With regard to Coral Power's testimony concerning needed in-state transmission upgrades, we have recently scheduled a separate set of evidentiary hearings on the net economic benefits to ratepayers of relieving two potential in-state transmission constraints in Southern California, including alternatives to address potential congestion west of Miguel.45 On the issue of upgrades to Path 45, we note that SDG&E is already moving ahead with adding a second circuit to the La Rosita-Imperial Valley component of Path 45, which will increase the capacity of that path from 408 to approximately 800 MW this fall. There are already general discussions underway between SDG&E and CFE to consider additional upgrades to Path 45.46 We direct SDG&E to submit information on the status of those discussions and any upgrade proposals that would involve additional ratepayer funding in the monthly status reports ordered by D.01-03-077.47 To the extent that significant ratepayer funding is involved to further upgrade Path 45, we may include this issue in the evidentiary hearings on economic need for new transmission to the Southwest. However, if private developers or the CFE fund the additional upgrades, then we will not need to review the issue further in this proceeding.
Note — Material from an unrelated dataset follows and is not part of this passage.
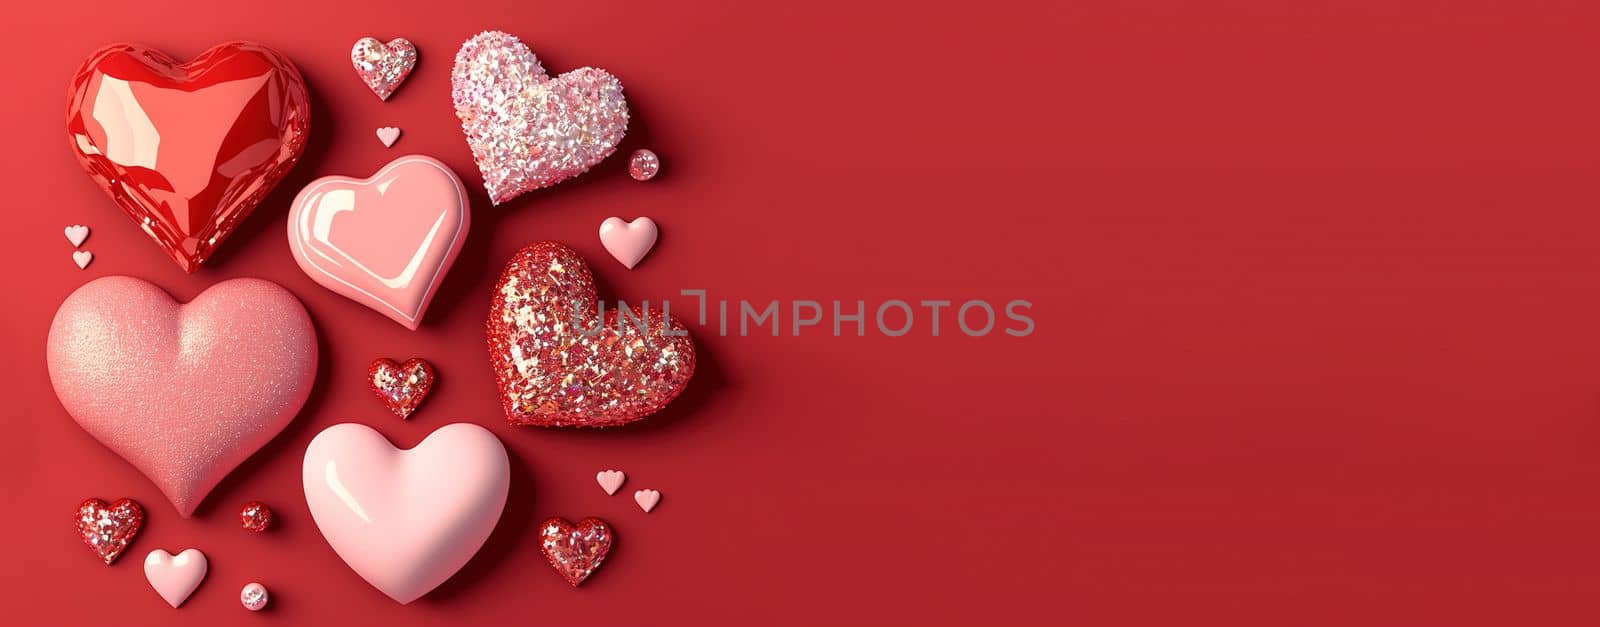 Gorgeous 3D Heart Shape, Diamond, and Crystal Illustration for Valentine's Day Banner by templator

Finally, with respect to SSRC's position in this proceeding, we concur that no conclusions can be made from the record in this proceeding regarding the adequacy of the in-state transmission grid in Southern California.

16 See D.88-12-030. 17 RT at 170. 18 RT at 316-317, 338. 19 RT at 339. 20 RT at 317. 21 RT at 339. 22 RT at 213-219, 314-321. 23 RT at 316, 326. 24 Exhs. 28 (Table 3A) and 32; RT at 314-315, 339-342. 25 Instead of calculating a different derate formula for the baseload, baseload plus 10% and baseload plus 20% runs, Witness Le applied the formula derived for the baseload run to all three. RT at 322, 332-333. ISO Opening Brief, pp. 11-12. 26 ISO Opening Brief, p. 17. 27 RT at 114-115. 28 ISO Opening Brief, p. 12, 17. RT at 213-219, 314-321. As noted in Section 4.8 above, the total amount of import capability is adjusted to reflect the entitlements for ISO controlled grid and other commitments. Thus the 13,200 MW translates into 7,319 MW of available import capability in the model for the purpose of assessing system reliability. 29 RT at 191. 30 RT at 273-280. 31 RT at 284, 287. 32 RT at 191. 33 Exh. 17, p. 2. 34 RT at 19-21. 35 RT at 23. 36 Exh. 10, Table 1. 37 RT at 191. 38 RT at 165-167. 39 RT at 65, 113, 152-153. 40 RT at 136-142. 41 Exh. 15; RT at 127-128, 133-134, 154-155. 42 This range does not include the Otay Mesa project discussed in Coral Power's testimony, which is already included in SDG&E's in-state new generation queue. 43 RT at 121-122, 124. 44 RT at 121-123. 45 See Administrative Law Judge's Ruling dated July 19, 2001. 46 RT at 114-115, 148-149. 47 D.01-03-077, Ordering Paragraph 2.